Serverless architectures are all the rage right now — there are many horror stories attached to them, just as many as there are stories of triumph. The suggestion came after EC2s in an auto scaling group just weren’t working for us. We had some initial concerns, but regardless, it was worth an experiment.

It didn’t take a huge amount of engineering effort to alter our Express server based application into a lambda handler. We had modularised the flow of converting JSON into HTML, so it was simply a case of exposing new lambda handler and invoking the same flow with the same parameters. A win for internal decoupling!

Additionally, our disciplined use of Terraform for infrastructure-as-code meant adding in the necessary IAM roles to allow lambda invocation was trivial. All in all, it took a few hours to test our Lambda theory. So, how did the lambda improve our average HTTP response times? Drum roll please…

We compared the performance of our application running on a lambda and took average response times with increasing numbers of concurrent users. It’s worth noting that these requests were issued to a lambda that had already started up, so no initial warm up time was factored into this.

Lambdas don’t need to “scale” like a more traditional EC2 set up does — it runs out of the box with near limitless capacity. The default limit on the number of concurrent invocations is 1000, which was somewhat higher than our maximum expected load. The only thing that slightly pushed up our averages was the initial “warm up time” that a lambda has. A few seconds on the first request. Once that was out of the way, our average request time never jumped any higher than 250ms. This meant our system was comfortably able to scale to load, with plenty of headroom. This was great, but another alarm had gone off in our heads — speed usually comes at a price.

Were we about to break the bank?

We were very happy with our new found performance, but were worried about the cost. How much is this thing going to set us back? Is our Product Owner going to have a panic attack? All good questions. To answer, Amazon offer a rather handy EC2 calculator to get an estimate of your monthly costs.

We took an average of the number of instances we would expect to have at one time, sometimes it would be 8, sometimes 1. We settled on 4. The monthly cost for these servers was $248.88. And how much was the lambda?

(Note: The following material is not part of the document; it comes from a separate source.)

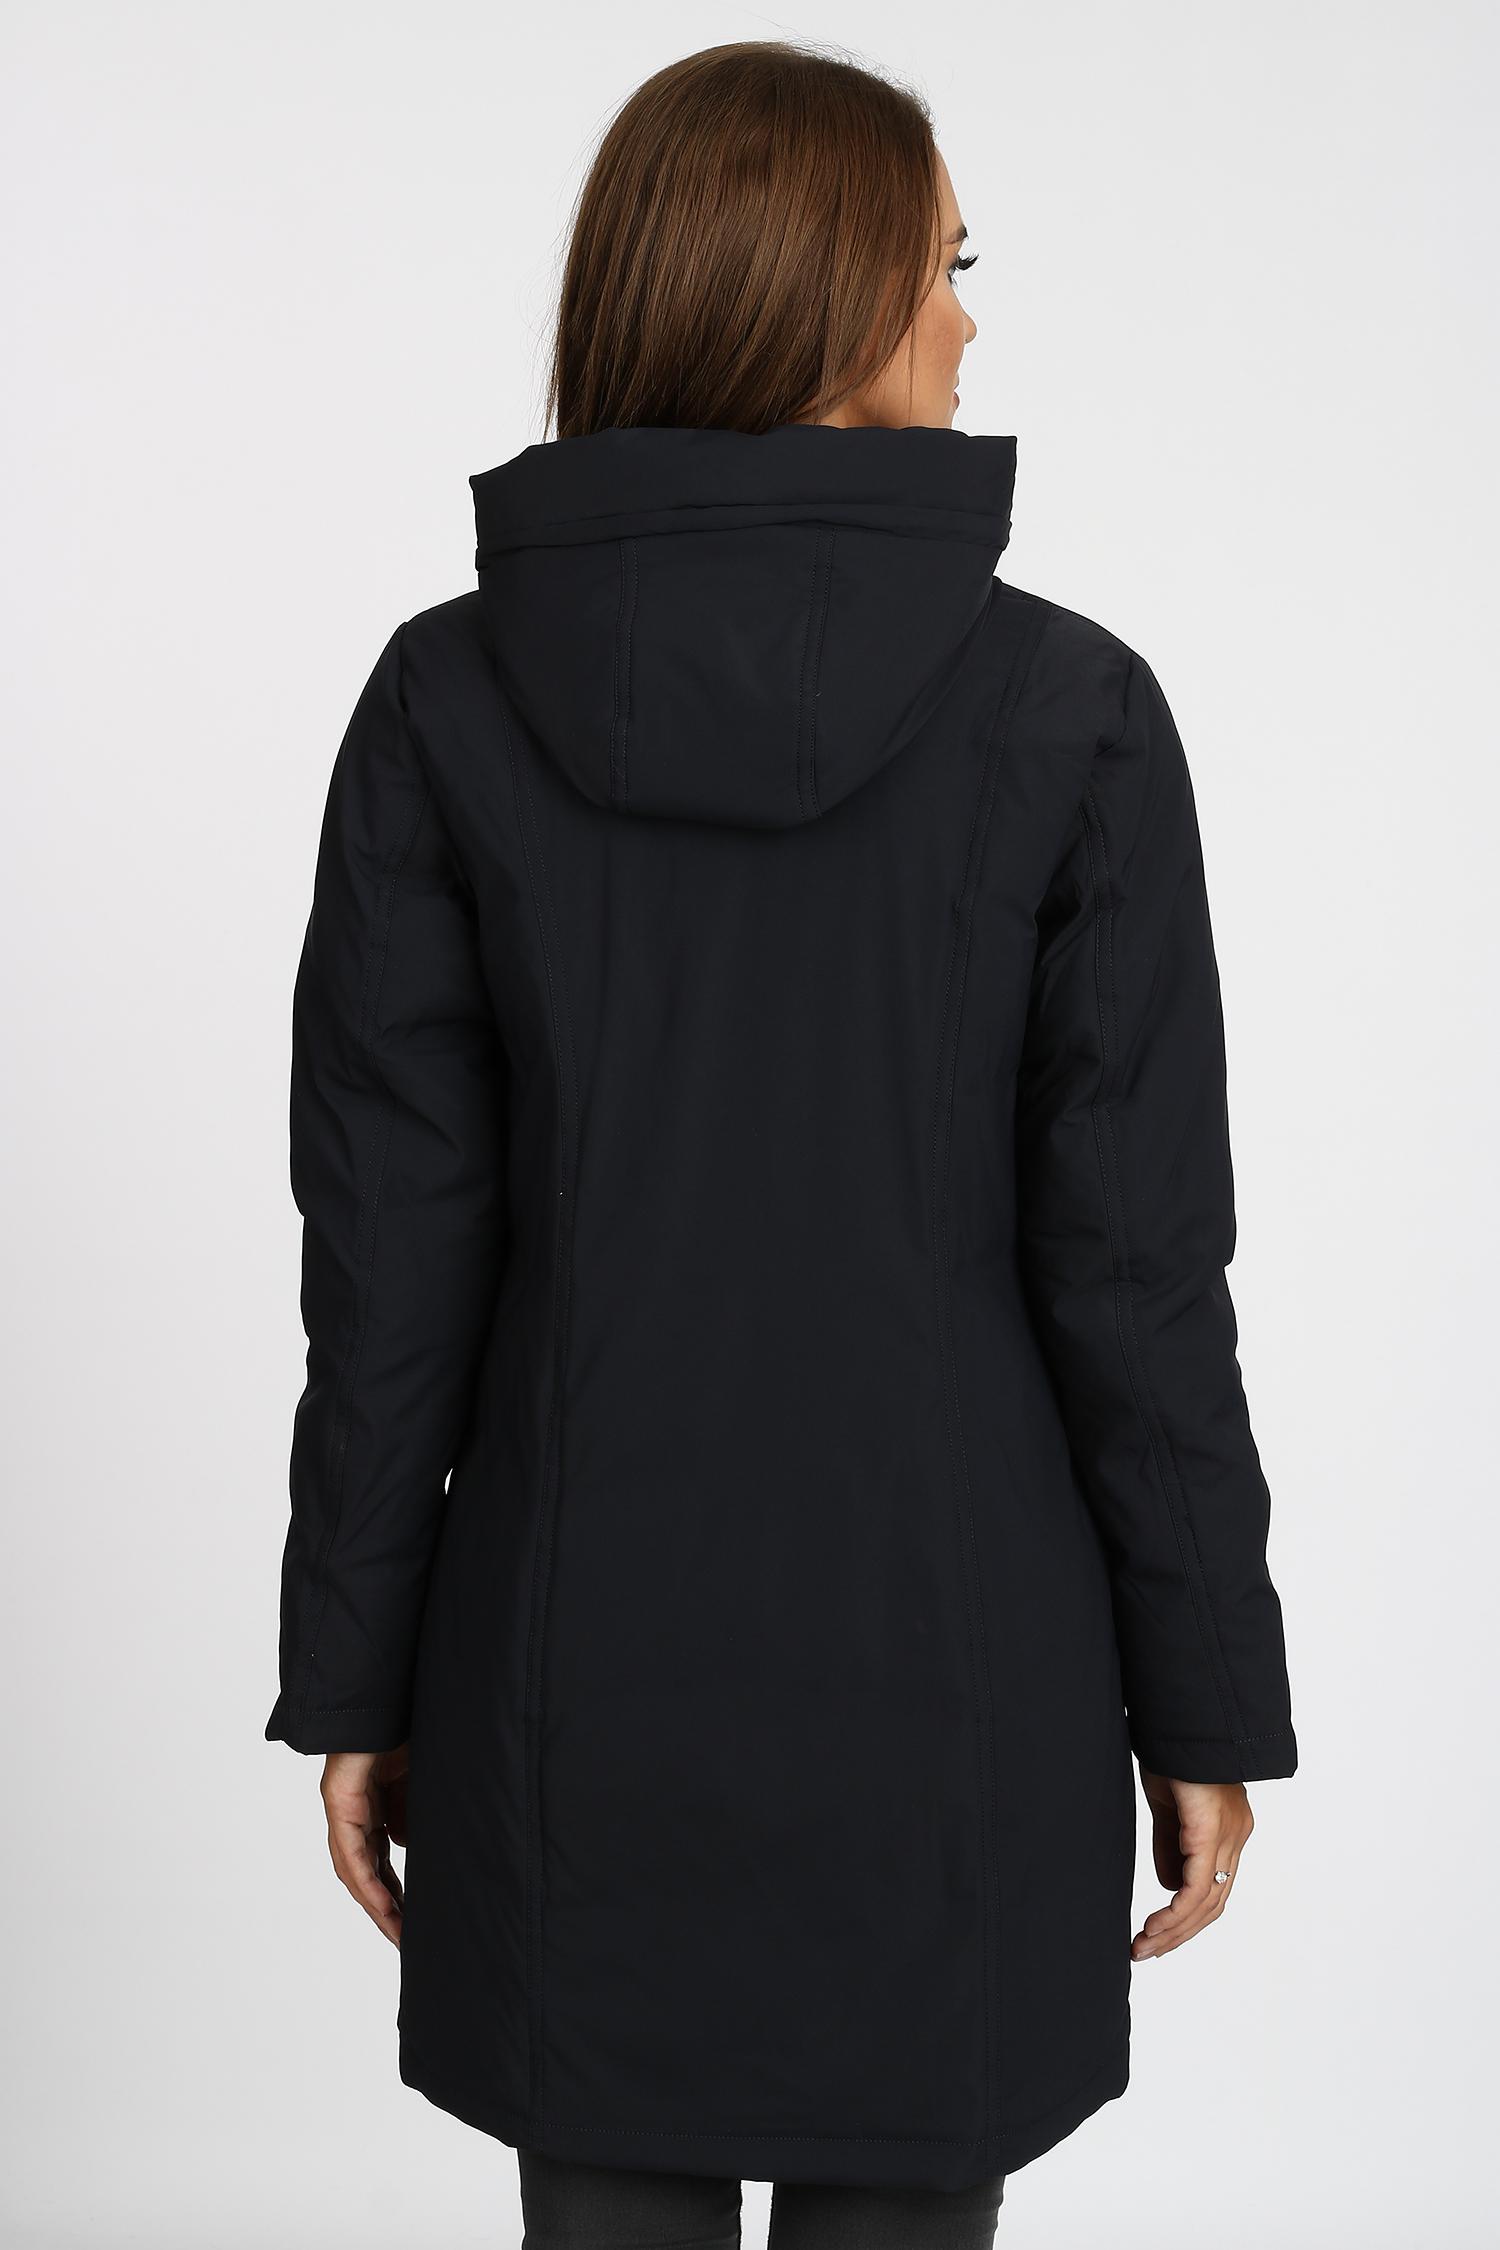 Пуховик женский из текстиля с капюшоном, без отделки

We calculated the number of invocations that this thing was going to need in five years. That is to say, we took the estimations of the kind of traffic our site would be processing in 5 years’ time and used those numbers. We plugged that into another rather handy lambda calculator and came out with $36. We assumed we’d entered in the numbers incorrectly and had another go — still $36. It would cost us almost 7 times less, with a response time that was almost 10 times faster. We gained speed and cost saving.

Lessons Learnt

It is dangerous to consider Lambdas to be the answer to all scaling problems. There are plenty of gotchas. That initial warm up that we called out earlier has been a crippling problem for some companies who need quick responses all the time. Likewise, if you’re running your Lambda inside of a VPC, you need to make sure you’ve got enough IP addresses available for that Lambda to scale.

That said, when you’re running discrete, independent operations (such as converting JSON into HTML) over unpredictable loads and need consistently low response times, regardless of concurrency, the Lambda is an incredibly powerful tool in the arsenal of any engineer.